Текст книги "Батальон крови"
Автор книги: Виталий Лиходед
Жанр:
Военная проза
сообщить о нарушении
Текущая страница: 4 (всего у книги 16 страниц)
Радужные мысли оборвал голос старшины:
– Строиться!
Все вновь встали в грязь, выравнивая шеренги, чтобы, как положено, строем, дойти к 20:00 к назначенному населенному пункту.
Батальон построился, солнце в небе разыгралось и все отдохнув и поев, с шутками продолжили месить это бесконечное месиво, словно со всего света собранное на дороге.
Кто-то кричал: «Ну вот, теперь и воевать можно, – а кто-то смеялся: Да теперь все фрицы разбегутся, увидев наши животы!»
Гриша тоже шел, как и все. И эта тяжелая грязь ломтями прилипающая к сапогам, казалась уже не такой тяжелой и вязкой. Оставалось только вовремя дойти, чтобы выполнить поставленный приказ.
– Все-таки настроение важная штука! – подумал он. – Вот с утра ушли с высоты, все, конечно, мало спали, и я тоже на этих ящиках замучился: до сих пор спина болит, но вот вышли на дорогу – вся усталость и недосыпание проявились. А стоило всего час поваляться на траве, даже не спать, а просто на мгновение оказаться в состоянии покоя, и сразу – словно заново родился!
Григорий шел и улыбался. Смеялись и остальные бойцы по-прежнему мешая сапогами грязь. Но Война и ее дороги дело особенное.
– Нужно привыкать много и часто ходить, – вспомнил Гриша слова учителя из Ташкентской школы. – Ничего привыкну.
Дорога продолжала петлять. Небольшая передышка конечно придала силы, но фронтовая дорога, будто нечто живое, высасывала бойцов. Шагать становилось все труднее, монотонность возвращалась. Шутить и смеяться солдаты вскоре перестали и вернулось уже знакомое чваканье этой нескончаемой грязи. Нет, иногда получалось идти по уцелевшей обочине и стряхивать с сапог прилипшую грязь, но в основном никакой обочины не было.

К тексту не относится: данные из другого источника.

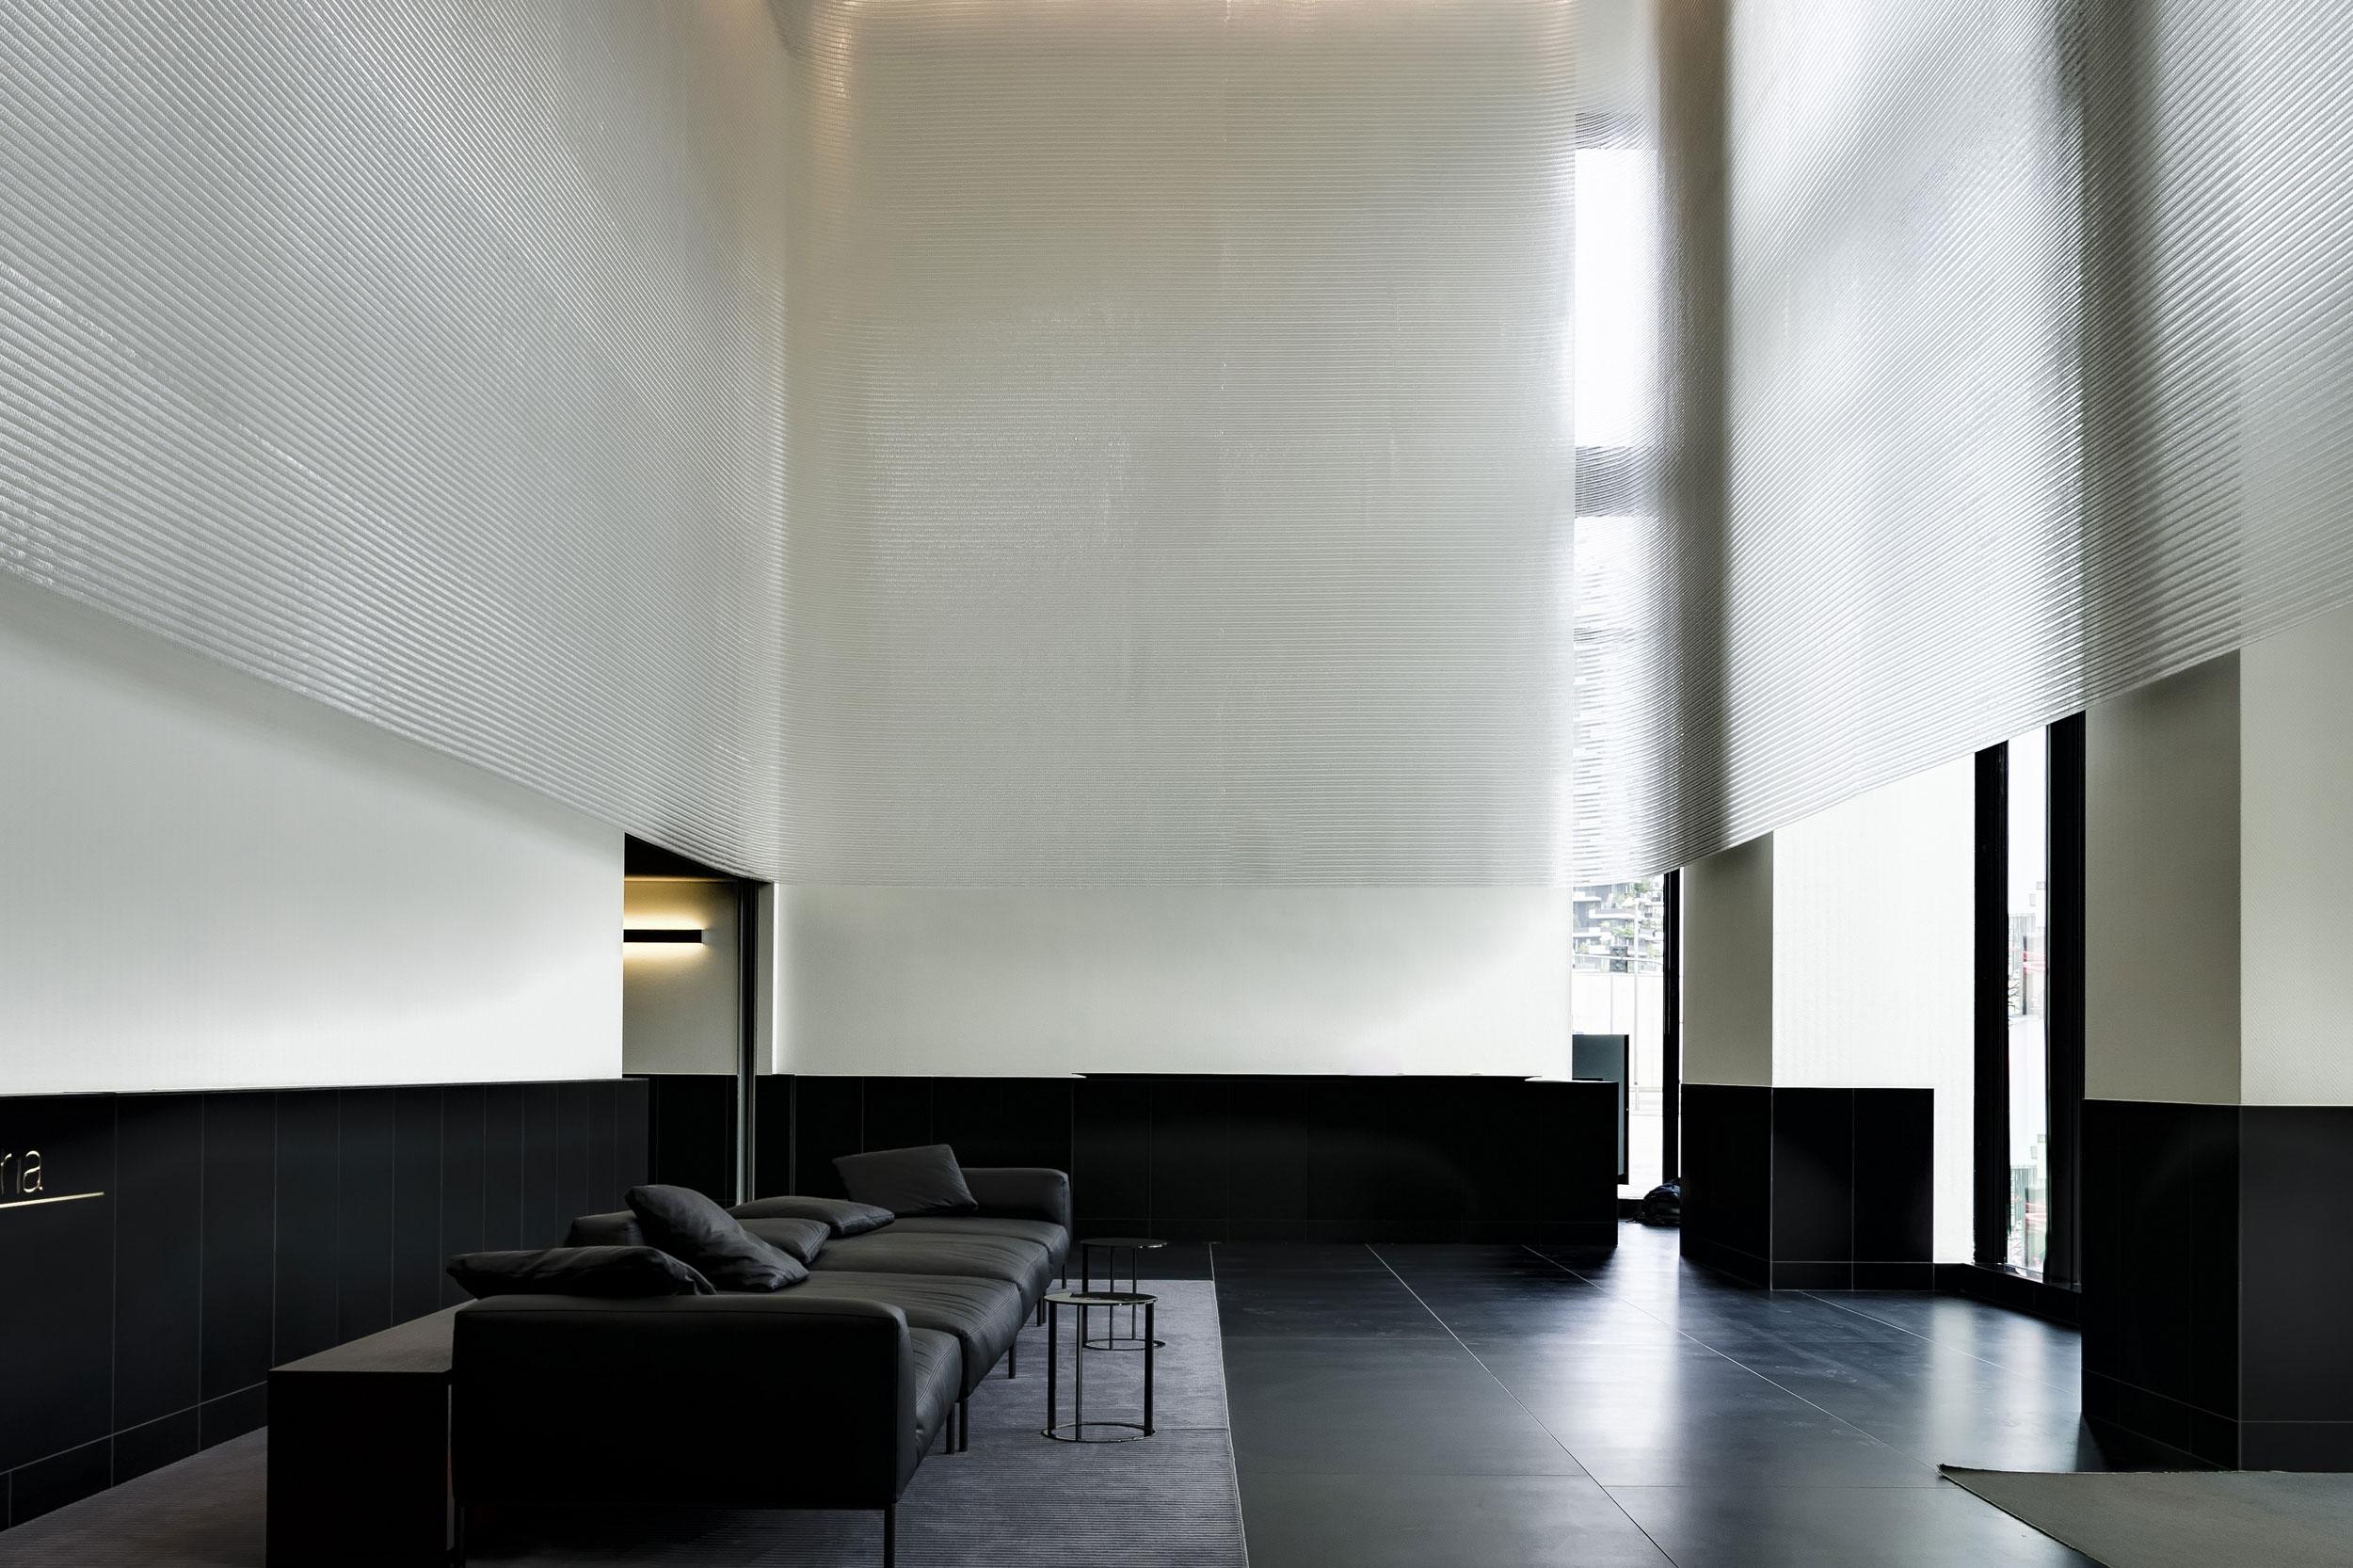 Ethereal Screening for Italian Apartment Foyer  Torre Solaria, Milan, Italy

Промежуток земли, называемый дорогой, был разбит техникой и сапогами солдат. Григорий снова задумался:
– Интересно, сколько человек прошли здесь за годы войны? Наверное, не очень-то и много, – ответил он сам себе. Эта дорога была не главной и не стратегической, а так, обходной от одного населенного пункта к укрепрайону. Сначала фрицы по ней шагали, теперь вот они…

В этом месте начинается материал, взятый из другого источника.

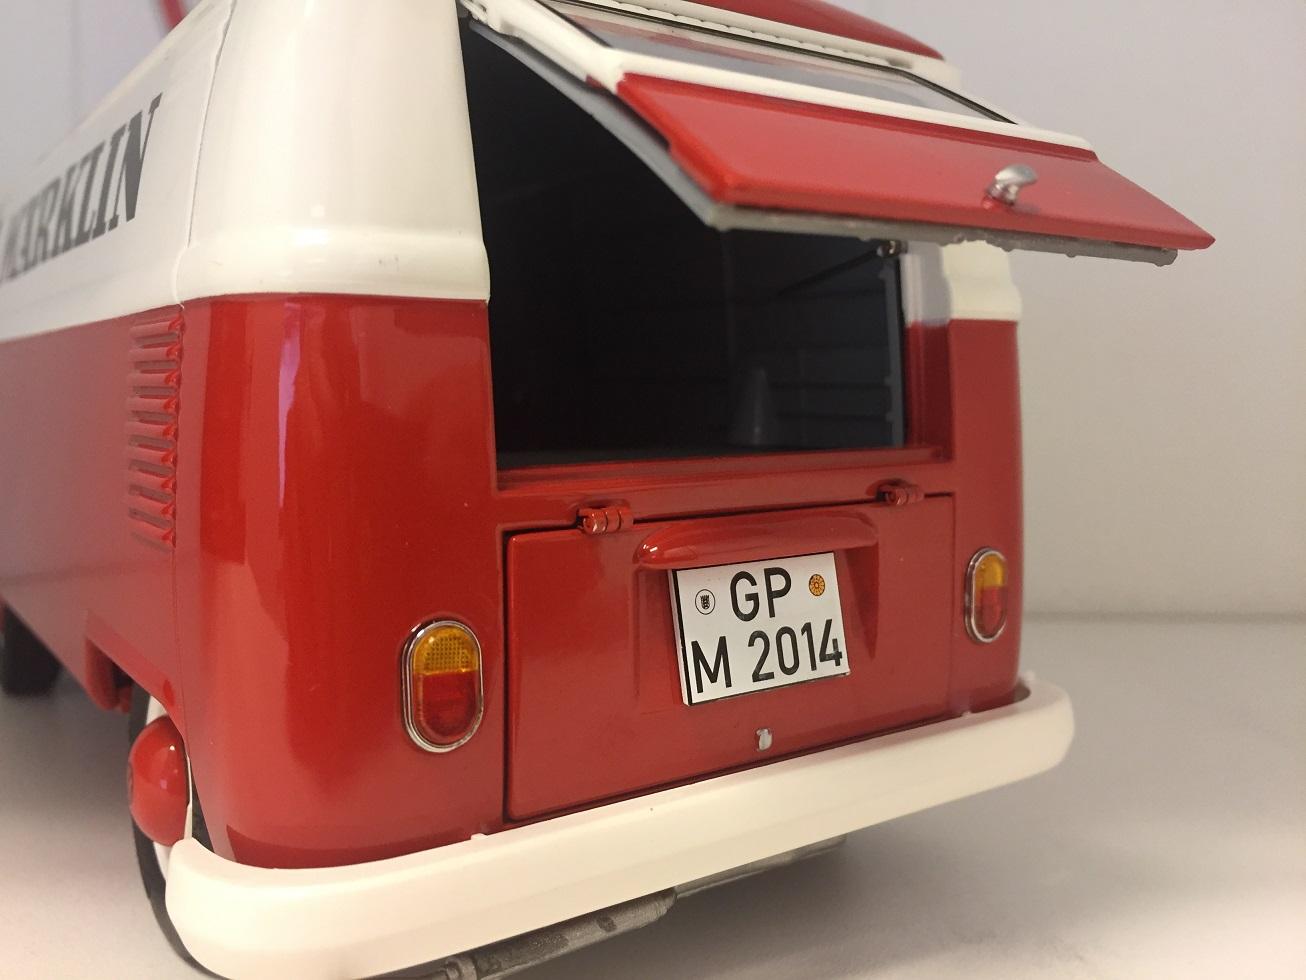 vr modelauto 39 s volkswagen t1 kastenwagen 1 18. Black Bedroom Furniture Sets. Home Design Ideas

Постепенно начало смеркаться. Время подгоняло. Все понимали, что хоть и хочется отдохнуть, но нельзя. Нужно успеть в назначенное место вовремя.
– Наверняка, от этой точности что-то зависело. Какие-то действия, передвижение всей армии и вот эти маленькие населенные пункты были не просто точками на карте, а метками того пути по которому предстояло идти нашей армии. И эту очередную метку нужно было преодолеть вовремя. Именно оттуда доложить о прибытии, или взятии и ждать дальнейших указаний. А время и ночь не знали о планах генералов и их стратегии. Они сами по себе ступали на эту землю, не желая выручать уставших солдат.

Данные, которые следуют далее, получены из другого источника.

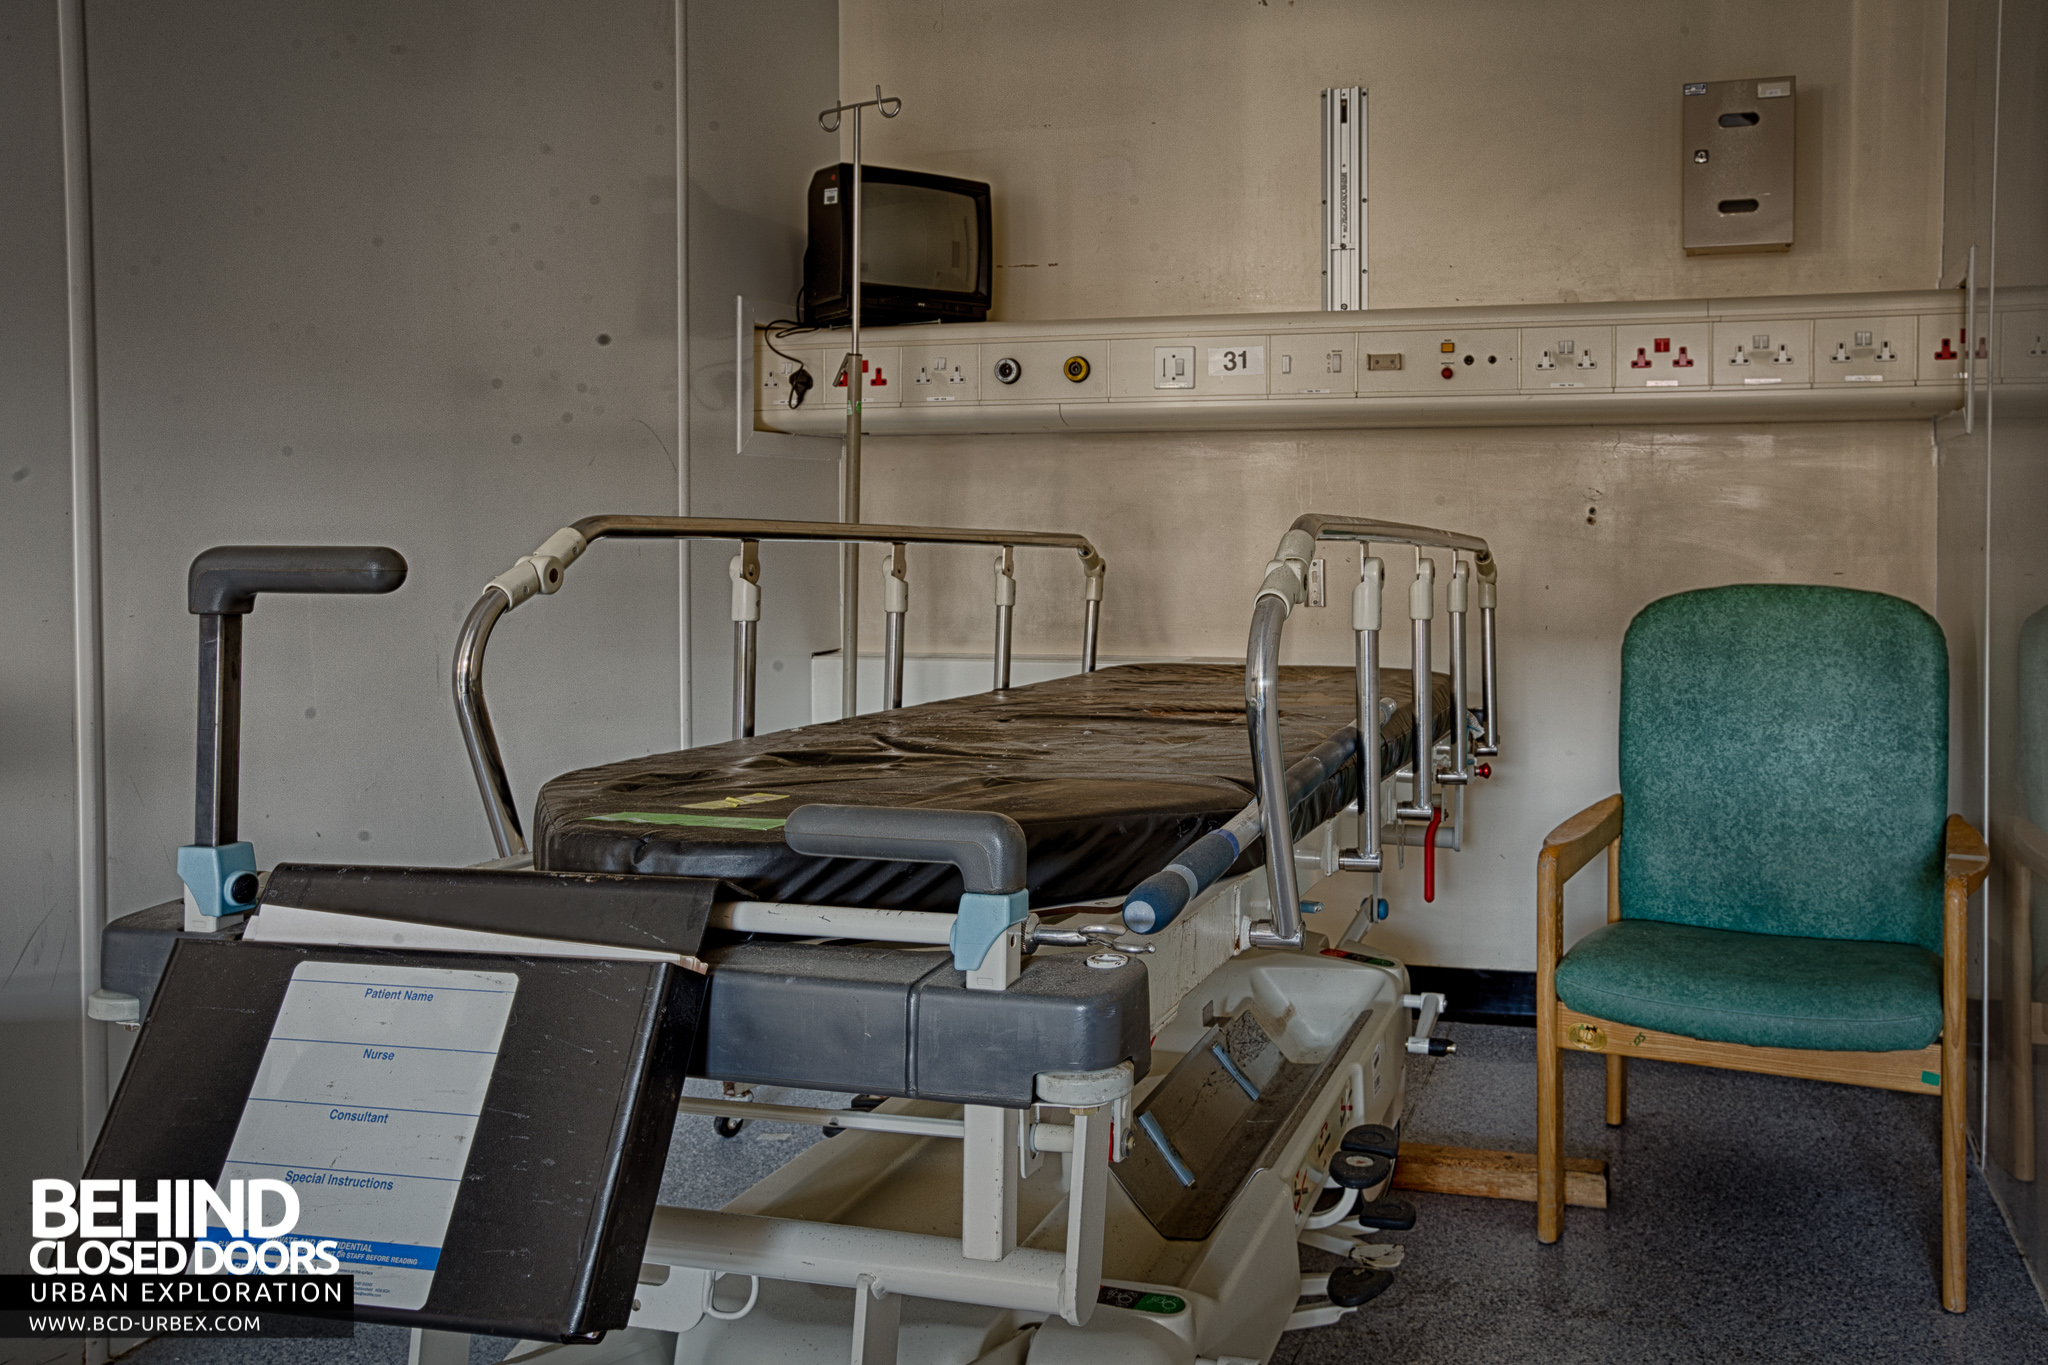 Selly Oak Hospital Bed In A Ward Room

Примерно через час, когда сумерки окутали небо и редкий кустарник, кто-то закричал: «Батальон, стой!»
Народ в первых рядах заволновался, загалдел.
– Похоже, разведку вперед послали, – произнес сутулый, все время кашляющий солдат.
– Что немцы? – с удивлением спросил Григорий.
– Не, населенный пункт. Пришли. Сейчас разведка проверит, что там, и мы за ними пойдем, – ответил солдат.
– Так надо найти комбата! – подумал Григорий. – Нужно наладить связь.
Григорий снял с плеча недавно полученную переносную рацию, щелкнул выключателем, накинул на шею наушники и побежал вперед. Около двух сломанных деревьев он увидел Киселева с остальными офицерами. Подбежал к ним и громко спросил:
– Связаться со штабом дивизии?
– Да погоди, ты! – ответил комбат.
Он внимательно смотрел вперед, где ничего не напоминало о населенном пункте. Дорога своей грязью разрезала на две части черное распаханное поле, по которому было еще труднее идти и лишь где-то вдалеке еле заметно светились несколько огоньков.
– Выключи рацию, не торопись, – произнес капитан продолжая смотреть в наступающую темноту.
– Наши пришли! – крикнул кто-то со стороны.
К комбату подбежали два солдата и о чем-то стали говорить. Григорий отошел в сторону, но несколько фраз уловил. Населенный пункт оказался небольшой сгоревшей деревушкой. Три или четыре дома. Немцы еще утром были здесь и, по показаниям разведчиков, заминировали не только дорогу к полю, но и оставшиеся полусгоревшие сараи.
Обходить – можно попасть на минное поле, по дороге нельзя, а минеры будут до утра ковыряться, пока разминируют эту грязь и сараи.
– Будем ждать. Старшина!
– Да, тут я, товарищ капитан.
– Пока остановимся здесь. Разверни полевую кухню, пусть все отдыхают. А командирам рот выставить караулы. Все! Привал! А Спицу-синицу ко мне!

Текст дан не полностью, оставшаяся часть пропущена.